The popular definition of a Croft is," a small area of poor land entirely surrounded by legislation" it is a peculiarly Scottish system of land holding and is confined to the Crofting Counties of Argyll, Inverness, Ross-shire, Sutherland, Caithness, Orkney and Shetland and the Hebridean islands. I should add that crofting legislation is a fertile feeding ground for lawyers. More on the history later, think of Craigard as a smallholding on a stony raised beach, exposed to the N. Atlantic weather with some hill grazing of coarse grasses and heather.

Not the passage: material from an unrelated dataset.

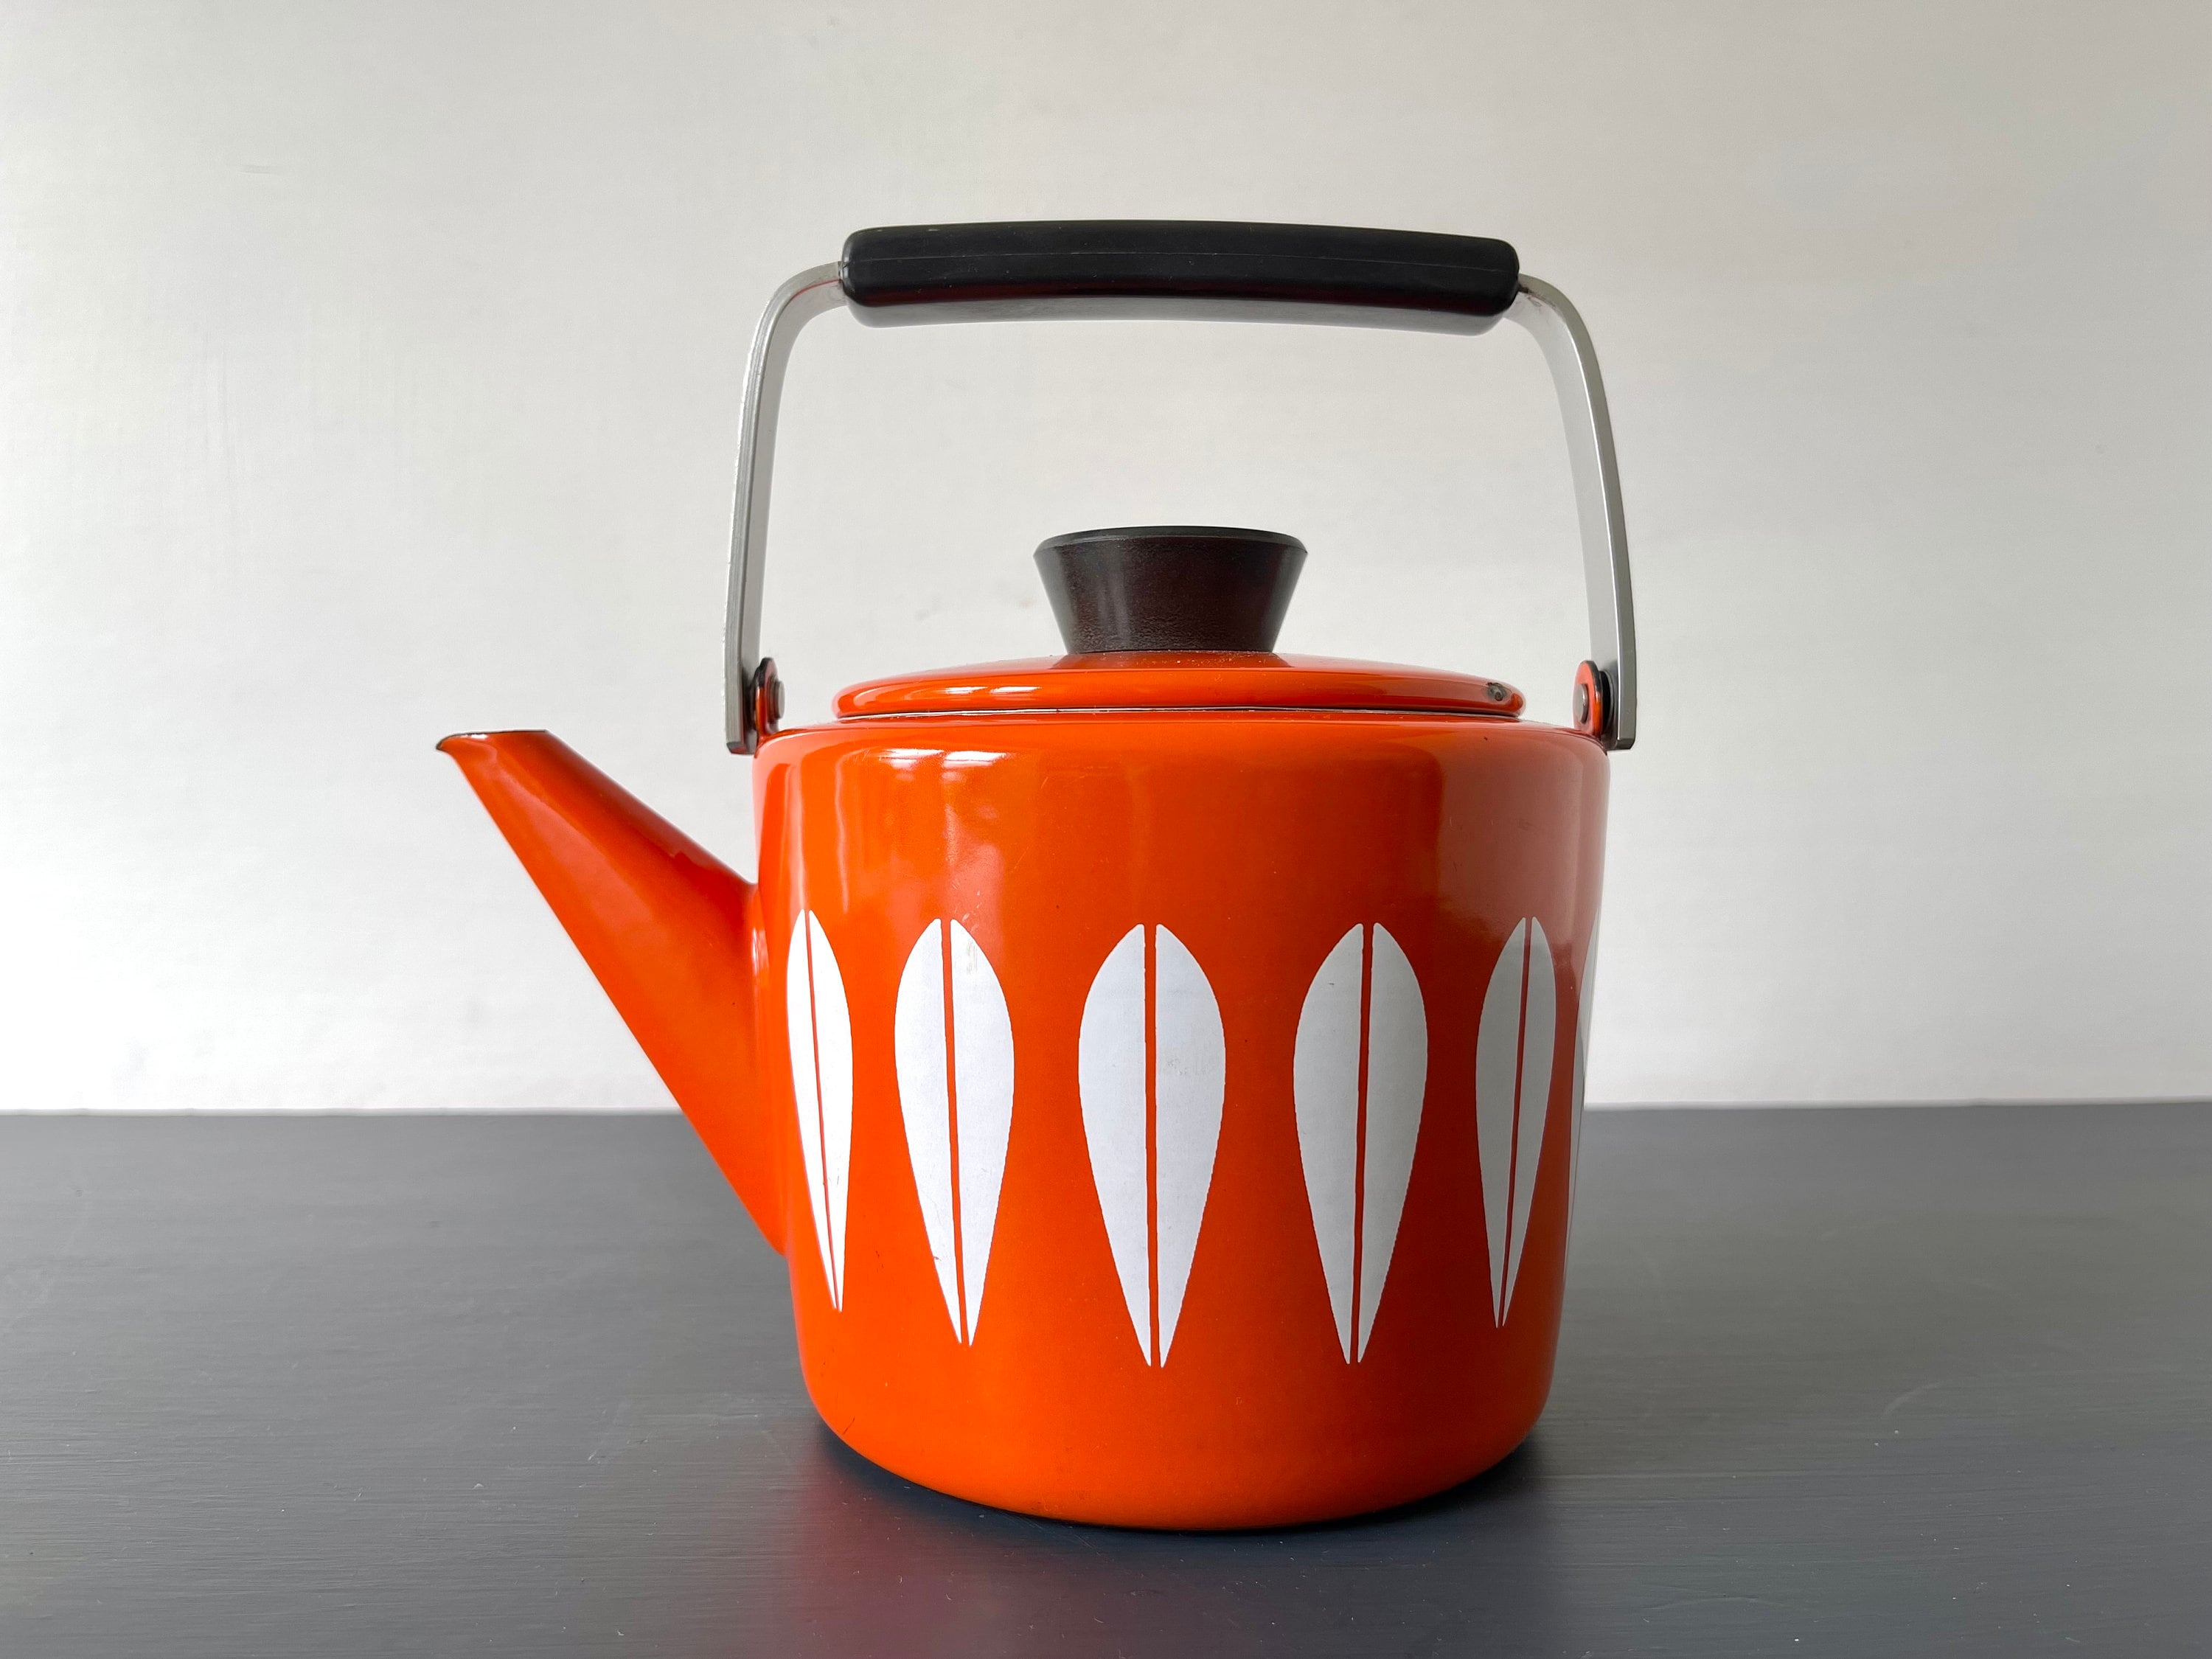 Lotus Kettle / Teapot by Cathrineholm of Norway Vintage Enamel Retro Orange  and White. MCM /mid Century Modern. Works on Induction

Crofting activities are very unlikely to provide a living for a family but they do provide a rural base in a supportive community for families with "multiple job holding". The tractor making hay belongs to Elaine, a neighbour who has more of a farm than a croft and who provides contracting services with her machinery; that way everyone wins, the cost of owning machinery is spread and we all benefit from a degree of mechanisation for hay and silage making.
I am retired so have an off croft income but the pension is supplemented by selling lambs and the fertile hatching eggs of rare breed, utility poultry, mostly on Ebay. The hens are Ixworth and Bresse Gauloise, beautiful white birds that lay quite a lot of eggs and are the best eating. The ideal smallholder's hen. The daily routine changes with the weather and the season now I'm up at seven to look the sheep and feed the hens. I come in for breakfast and read the Guardian online, the paper version doesn't arrive at the Post Office until lunchtime the rest of the day can be spent in the veg plot or the poly tunnel, dosing or moving sheep, making and mending stuff or just idling.